Contoh penulisan daftar pustaka buku sebagai referensi:
Ismail, Taufiq. 1993. Tirani dan Benteng. Jakarta: Yayasan Ananda. Mulya, Hamdani. 2010. Bahasa Indonesia untuk Perguruan Tinggi. Lhokseumawe: STAIN Malikussaleh.
Namun, jika bahan rujukan atau acuan dalam daftar pustaka yang bersumber dari internet ditulis sesuai dengan aturannya tersendiri berdasarkan pendapat Alamsyah (2008:119) sebagai berikut:
b.             Rujukan dari Internet Berupa Artikel dari Jurnal
Nama penulis ditulis seperti rujukan dari bahan cetak, diikuti oleh tahun, judul karya (dicetak miring) dengan diberikan keterangan dalam kurung (Online), volume dan nomor, dan diakhiri dengan alamat sumber rujukan tersebut disertai dengan keterangan kapan diakses, di antara tanda kurung.
Contoh: Kumaidi. 1998. Pengukuran Bekal Awal Belajar dan Pengembangan Tesnya. Jurnal Ilmu Pendidikan, (Online), jilid 5, No 4, (http://www.malang.ac.id, diakses 20 Januari 2000).

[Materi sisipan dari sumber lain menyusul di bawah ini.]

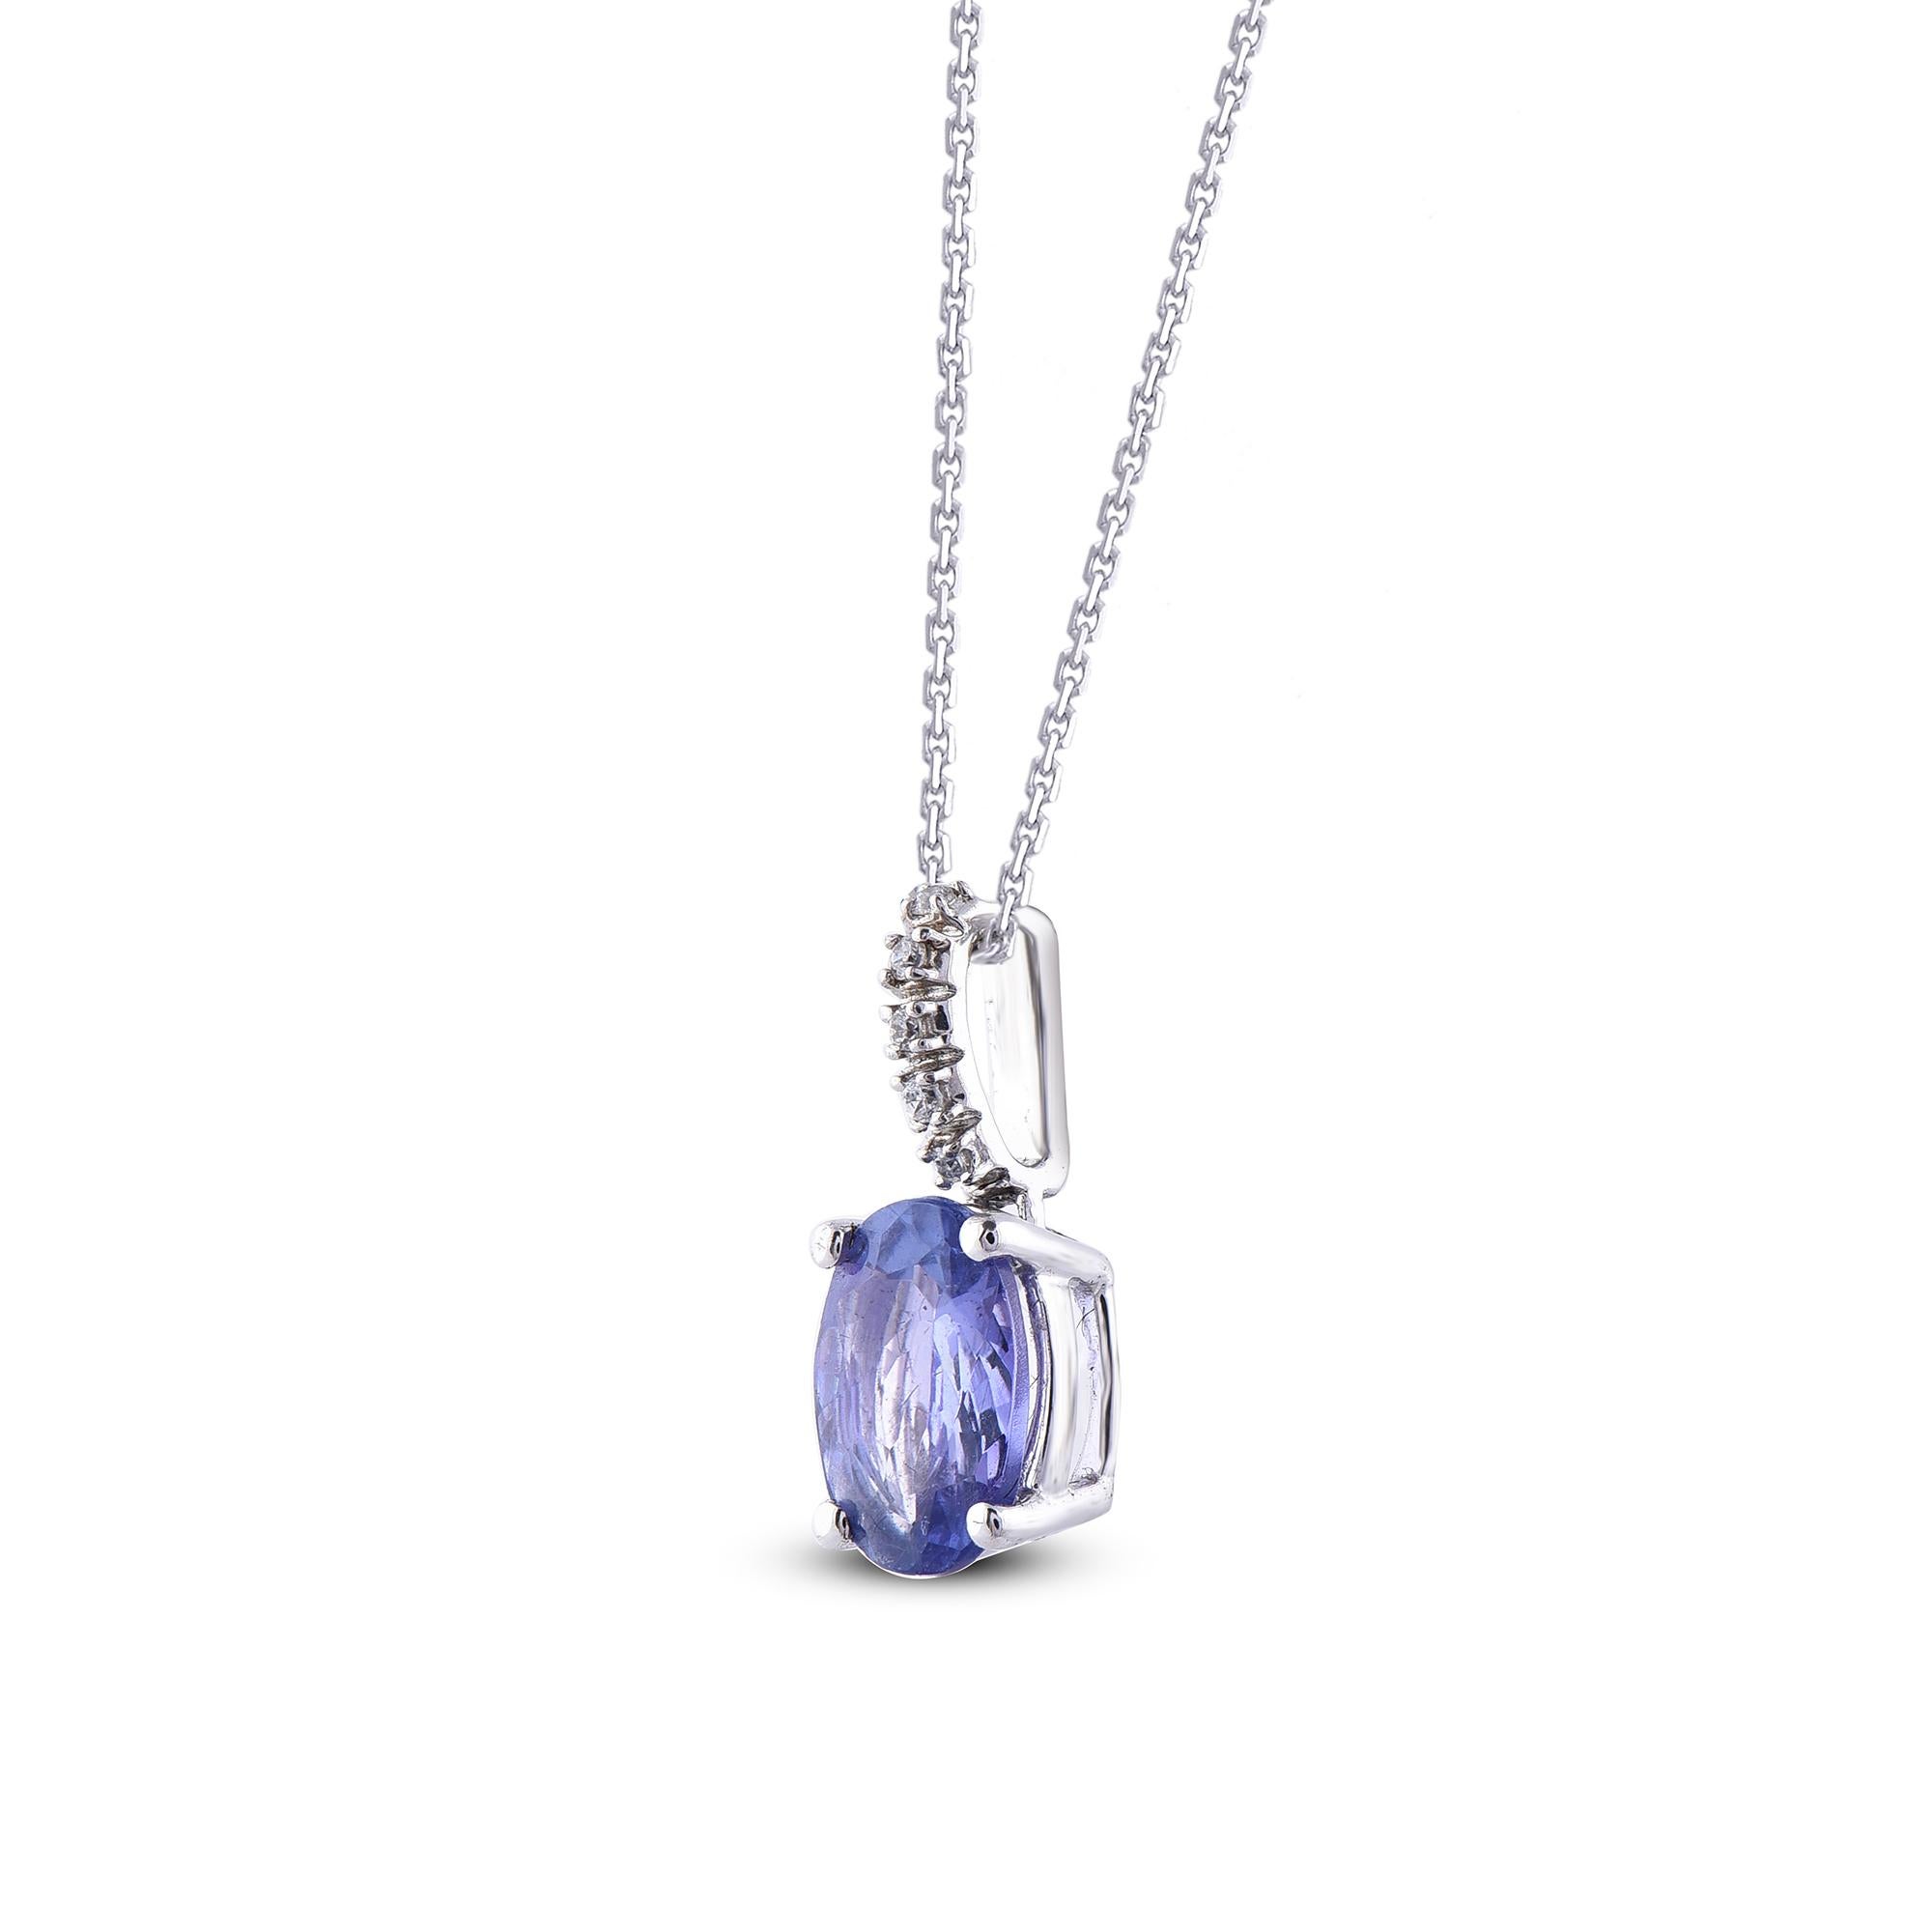 Truly exquisite, this diamond and tanzanite pendant is sure to be admired for the inherent classic beauty and elegance within its design. The total weight of diamonds 0.02 carat, H-I color, I2 Clarity and studded with 5 round diamond set in prong

c.              Rujukan dari Internet Berupa E-mail Pribadi
Nama pengirim (jika ada) disertai keterangan dalam kurung (alamat e-mail pengirim), diikuti oleh tanggal, bulan, tahun, topik isi bahan (dicetak miring), nama yang dikirimi disertai keterangan dalam kurung (alamat e-mail yang dikirim). Contoh: 1Davis, A. (a.davis @uwts.edu.au). 10 Juni 1996. Learning to Use Web Authoring Tolls. Email kepada Alison Hunter (huntera @usq.edu.au).Contoh:Mulya, Hamdani. (mulyahamdani @yahoo.com). 15 Oktober 2009. Teknik Menulis Karya Ilmiah. Email kepada Redaktur Majalah Santunan Jadid (redaksisantunan @gmail.com).